Sunday Report Card – The Sweet Science’s Diego Morilla compiles a full weekend wrap-up of the most relevant boxing events in the worldwide scene with short recaps, links to videos and other articles, and all the info you need to keep up with the week’s most important results. Every fight that matters is right here, in one place, and at one click away. Follow us every Sunday on Twitter at #SRC @TheSweetScience @MorillaBoxing

Uniondale, N.Y., Saturday, November 11

Daniel Jacobs UD 12 Luis Arias, middleweights

“The Miracle Man” is back, indeed. But his performance was not the spectacular return that we all hoped for after his career-best performance in his fight against Gennady Golovkin back in March. This time, he started with a bang by putting Arias (18-1, 9 KOs) in trouble early on, keeping the Cuban-Nicaraguan fighter in check and forcing him to clinch and avoid an early knockdown, and that recipe was repeated for pretty much the entire fight, with Arias in survival mode and Jacobs exploding in bursts of frustration occasionally, trying desperately to inflatable slide score a stoppage that never came. Jacobs was credited with a flash knockdown in the eleventh, but never really had the previously unbeaten Arias in danger as he cruised to a 118-109, 120-107 and 119-108 decision win that puts his record at 33-2 with 29 knockouts.

The winner goes on to: It shouldn’t be hard to lure a top contender into the ring with Jacobs after such a not-so-explosive performance, but his sights are set on an eventual bout with the winner of GGG-Canelo II, so I guess an interim bout with a David Lemieux type would be the advisable move.

Read a full recap of this fight here at TheSweetScience.com.

Jarrell Miller TKO 9 Mariusz Wach, heavyweights

“Big Baby” Miller (20-0, 18 KO) stayed unbeaten with this entertaining (OK, I had very low expectations and they were almost fulfilled, OK?) bout against the towering Wach (33-3, 17 KOs), a former world title challenger from Poland who never showed any arguments to dispute Miller’s aggressiveness in the ring. Apparently, Wach broke his hand sometime during the fight, and therefore lost all the limited pop that he had, so my guess is that Miller sensed that deficiency and went all-out knowing that he couldn’t be hurt by Wach, bobbing and weaving his way in and exposing himself to Wach’s now harmless punches until the inevitable stoppage happened.

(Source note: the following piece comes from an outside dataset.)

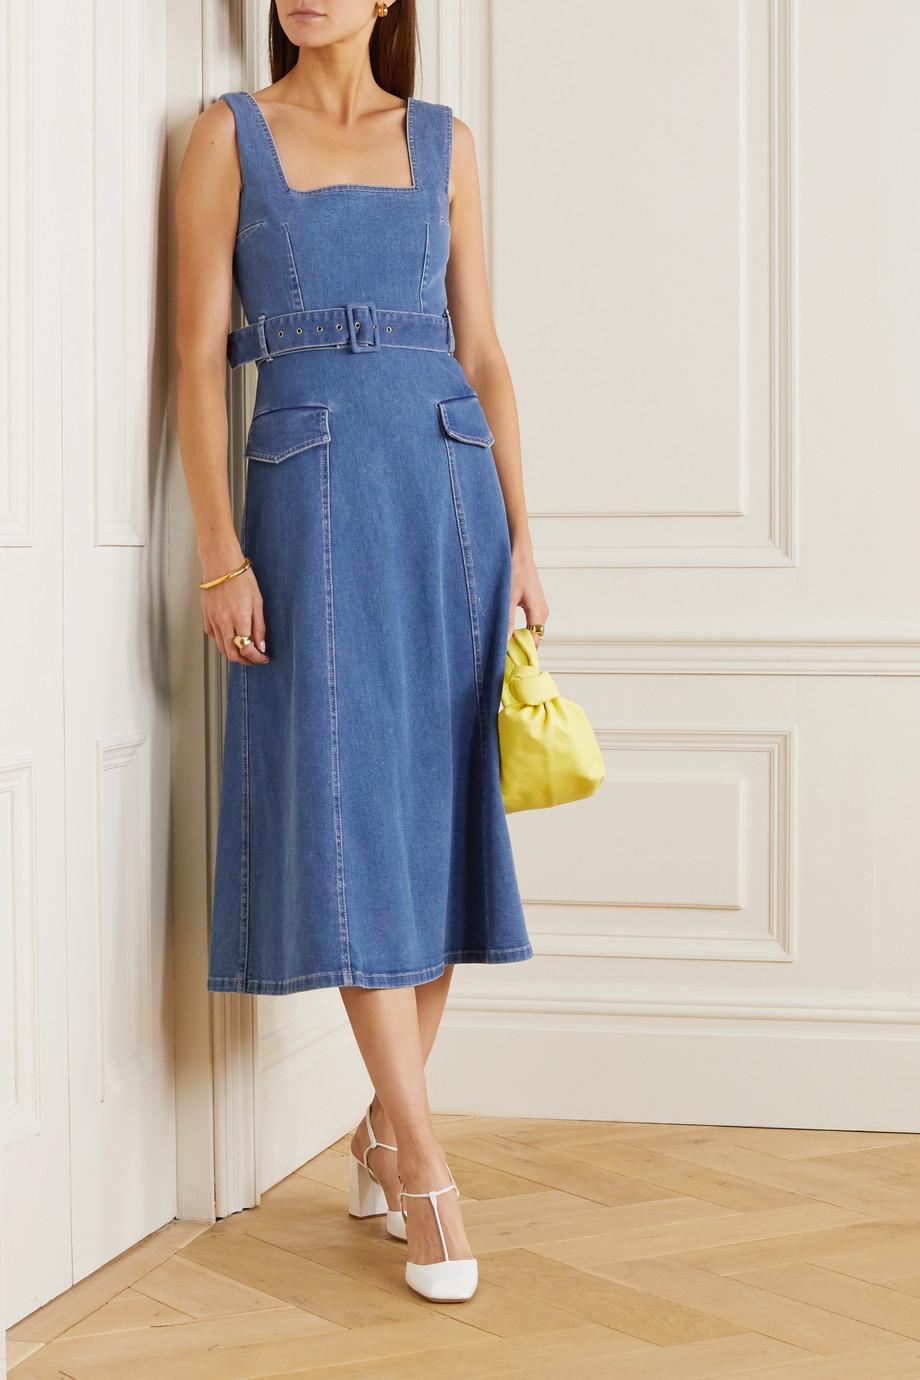 Emilia Wickstead Petra belted stretch-denim midi dress

The winner goes on to: Not a bad performance by Miller, but the “next level” should be considerably more difficult for him. Even someone as limited as Dominic Breazeale could be too big a hurdle for him.

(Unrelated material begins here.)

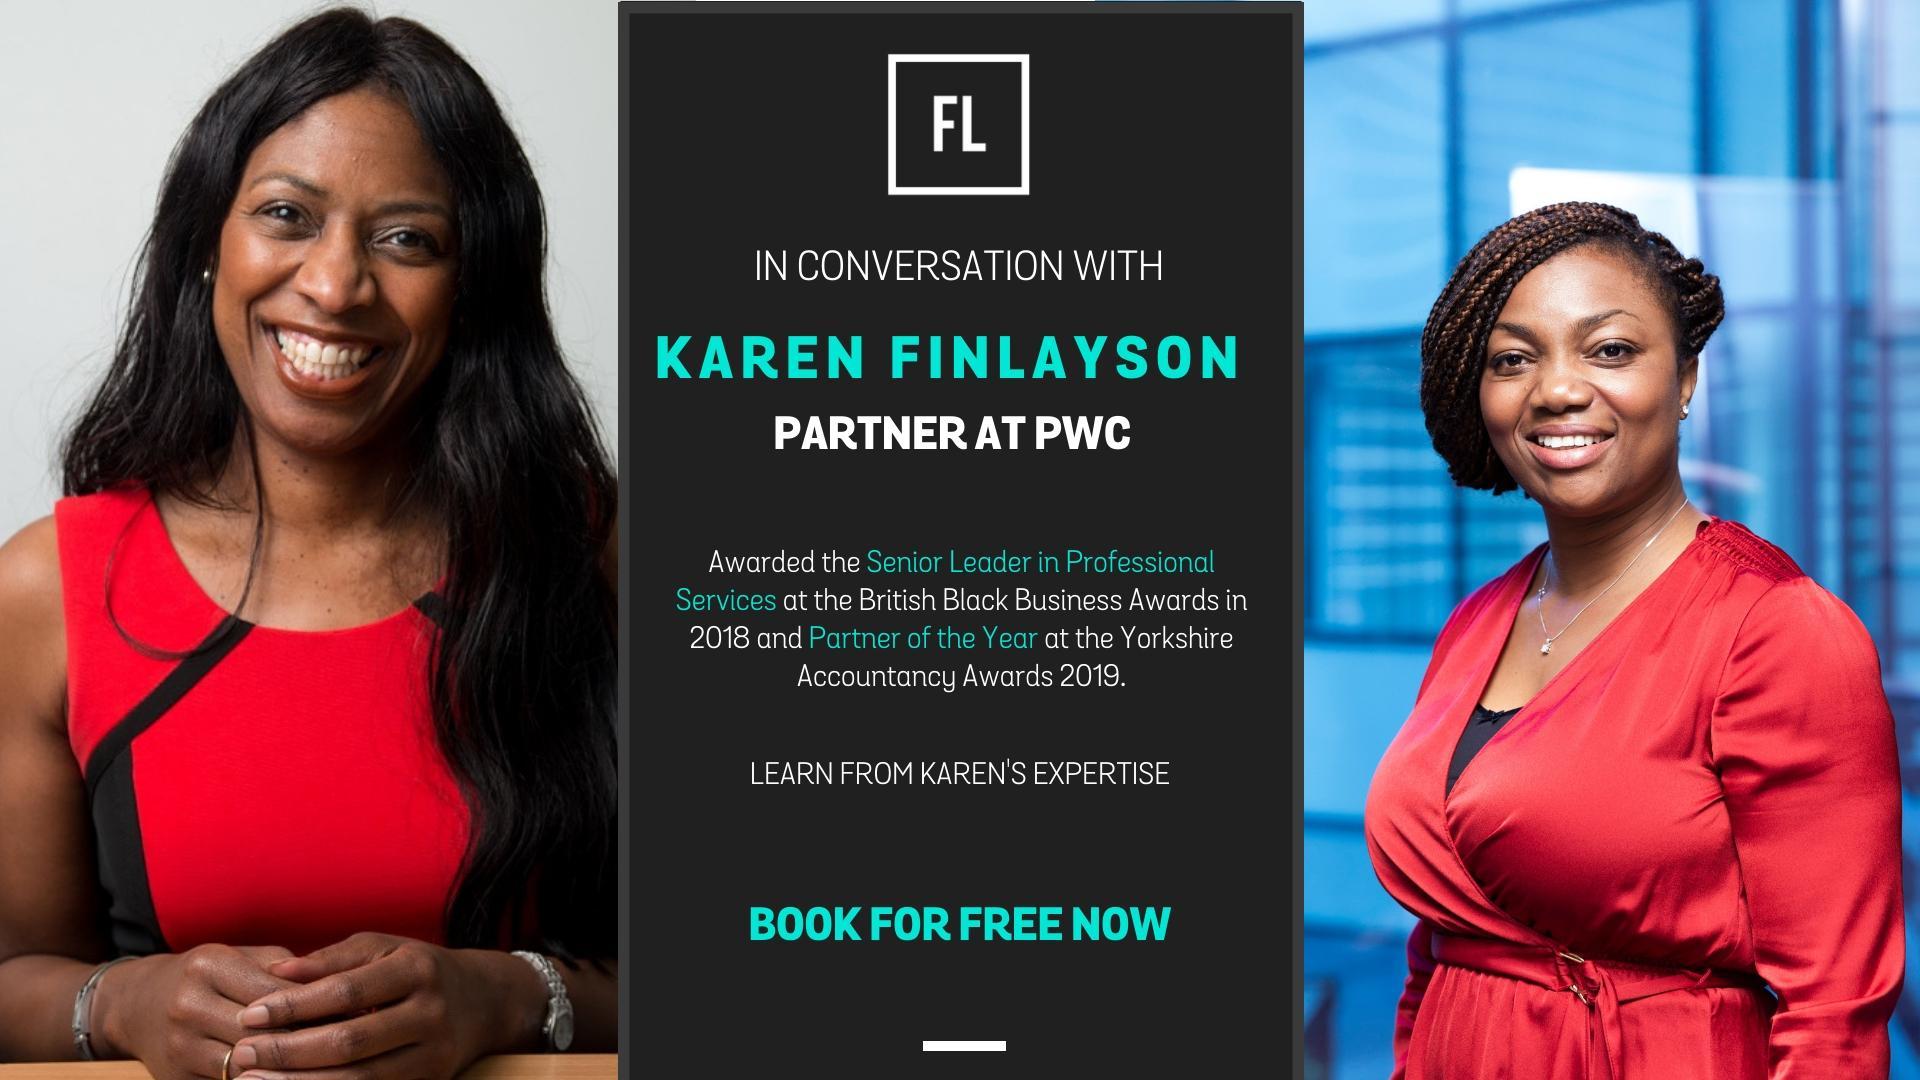 In Conversation With Karen Finlayson, How To Make Partner

Cletus Seldin TKO 3 Roberto Ortiz, junior welterweights

Well, I guess “The Hebrew Hammer” proved us all wrong, didn’t he? Seldin (21-0, 17 KOs) was seen as a largely unproven fighter, but he dismissed those thoughts with an impressive annihilation of Ortiz (35-2-2, 26 KOs), a tough hombre who had only been stopped by Lucas Matthysse. A mere 30 seconds into the bout, Seldin dropped Ortiz with a right hand and sent him down a second time a short time later, continuing his assault in the following round and opening a cut over Ortiz’s left eye. Finally, the referee considered he had seen enough and stopped the carnage towards the end of the third round.

Fresno, California, Saturday, November 11

Jose Ramirez TKO 2 Mike Reed, 10 rounds, junior welterweights

The “Fight for Water” had us all gasping for air in the end, instead. Ramirez (21-0, 16 KOs), local hero, unbeaten, 2012 Olympian, and community activist in this agricultural area of California, labeled the bout as “Fight for Water” to honor the area’s complaints about water usage in the region. And he then honored his pledge to give his hometown fans a huge victory by destroying then-unbeaten Reed (23-1, 12 KOs) in just two rounds in front of a huge crowd. A demolishing knockdown in the second round set the tone for the stoppage, which came midway through the round amid pointless protests by the seriously outgunned Reed.

 

Artur Beterbiev TKO 12 Enrico Koelling, vacant IBF light heavyweight title

Beterbiev (12-0, 12 KOs) is making his case to become the next big KO artist from the former Soviet block, and he took a major step in this title-winning performance against a game but outgunned Koelling (23-2, 6 KOs) to claim the vacant IBF world title left behind by Andre Ward. True to his nature, Beterbiev moved in for the kill from the very beginning while Germany’s Koelling tried to hold him off and outbox him, to no avail. The Russian powerhouse then decided to pick his spots and turn the fight into a progressive destruction effort, and he had his reward when there were less than 30 seconds left on the clock to finally lift his first title belt and initiate a championship run that could turn him into one of the most attractive fighters in the heavier divisions in the near future.

Also on this card:

Amir Imam TKO 4 Johnny Garcia, junior welterweights

Alex  Saucedo KO 3 Gustavo Vittori, junior welterweights 

Edinburgh, Scotland, Saturday, November 11

Josh Taylor KO 9 Miguel Vazquez, 12 rounds, junior welterweights

Nice win for the 26-year old Taylor (11-0, 10 KOs), who became the first man to stop the superbly technical and extraordinarily boring Vazquez in his 45-fight career (39-6, 15 KOs) with a right hook to the body. Vazquez, a veteran of many a Top Rank undercard during his four-year reign of tedium, still has all the technical ability that drove him to the championship but he is now in fringe contender/steppingstone territory, in stark contrast with Taylor’s young march towards higher ground.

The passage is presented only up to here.